"Our difficulties arise from the passionate longing to identify with ideas and notions about the world. Belonging and excluding go together, so as we enter into a mandala, we exclude whatever doesn't belong within it. This is well illustrated by the English writer who once defined a nation as a 'club for hating foreigners.'

"The commonest reason to develop hatred is the perceived difference between ourselves and others. We may feel so strongly about our notions of religion, race, class, language, or culture that we band together for the sole purpose of rejecting another group and its inimical differences. And we justify this by saying, 'They're an assault on our institutions!' or 'They don't behave as we do!'

"Hatred and paranoia don't exist in themselves. They must have a reason — even if that reason makes no sense — to create the ground for them to run and intensify. We can see people trying to make this happen, supporting each other and telling stories. These could be stories about religion — about Dharma, and gurus, and teachers. There is nothing wrong with any of this, as such; it is quite natural to create such mandalas of connections. But because ignorance is present, it very easily runs into areas where negative emotions build up.

"We can espouse and identify with the Buddha's teaching in just as narrow-minded a fashion — even though it runs contrary to the whole thrust of Dharma practice — as we do with anything else. Maybe we find ourselves thinking that other Buddhists aren't really proper practitioners because they don't follow this or that wonderful method. This is bound to happen, simply because we are human, so we need to watch out for it within ourselves as we travel the path.

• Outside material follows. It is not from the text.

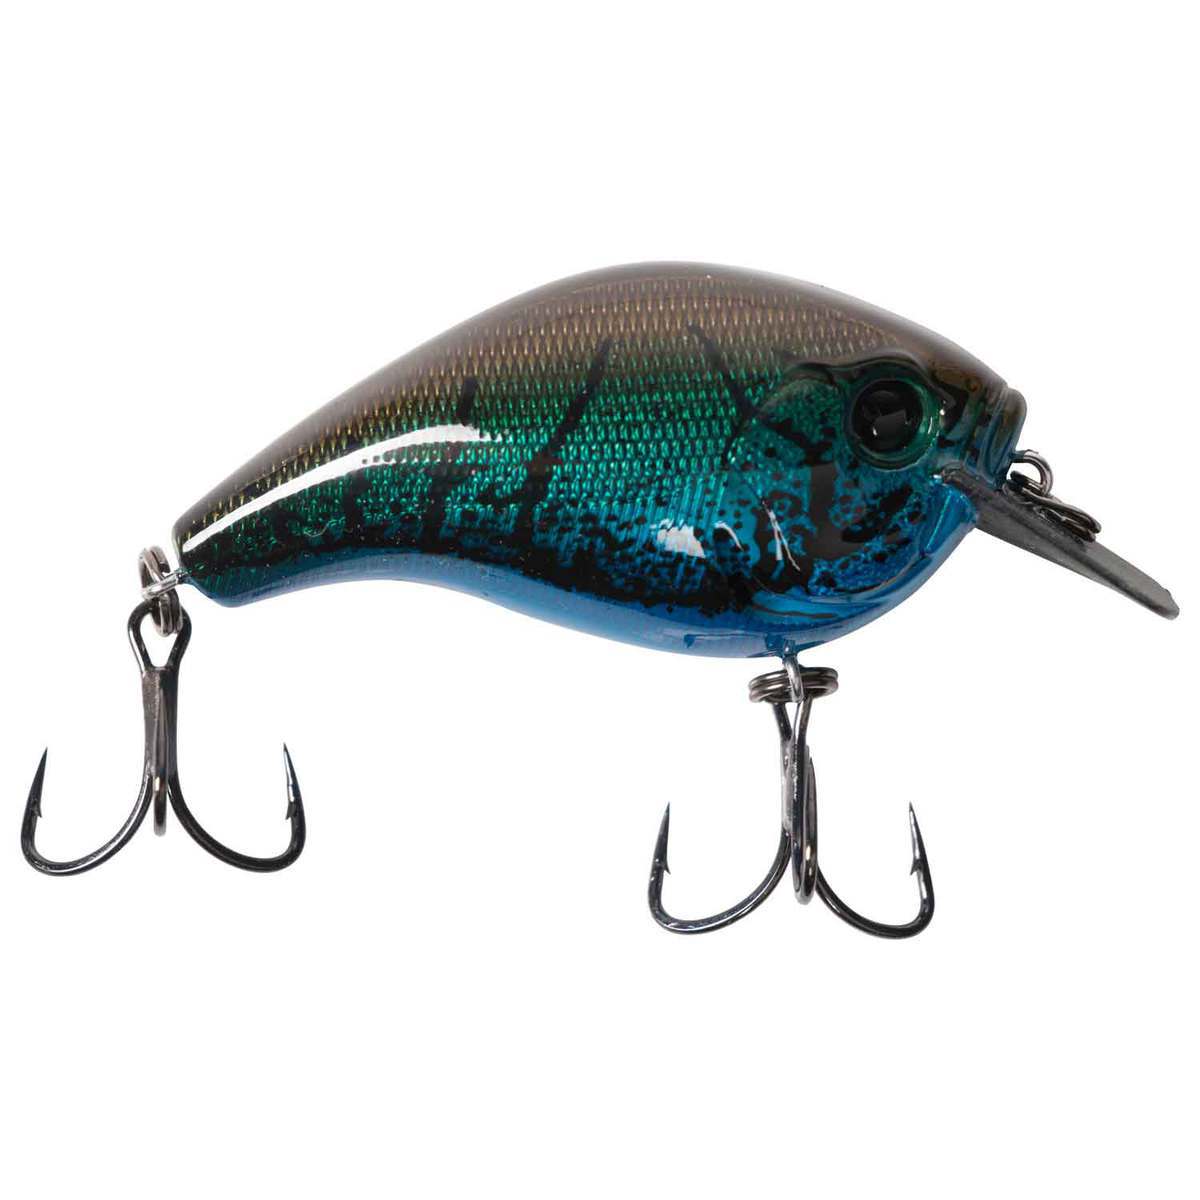 13 Fishing Scamp Square Bill Crankbait - Day Old Guac

"In Buddhism, no view we take of the universe is true for all time or set in stone. We practice to transcend the view we take of the universe at any given time. As another view becomes appropriate, we train in that view, until we have to abandon that as well.

"Finally, we reach the point where we are no longer projecting with a view. We gain some genuine insight that goes beyond reliance on any view as such. Until then, however, we need to see how our views about other people and the world provide the link between our emotions and actions.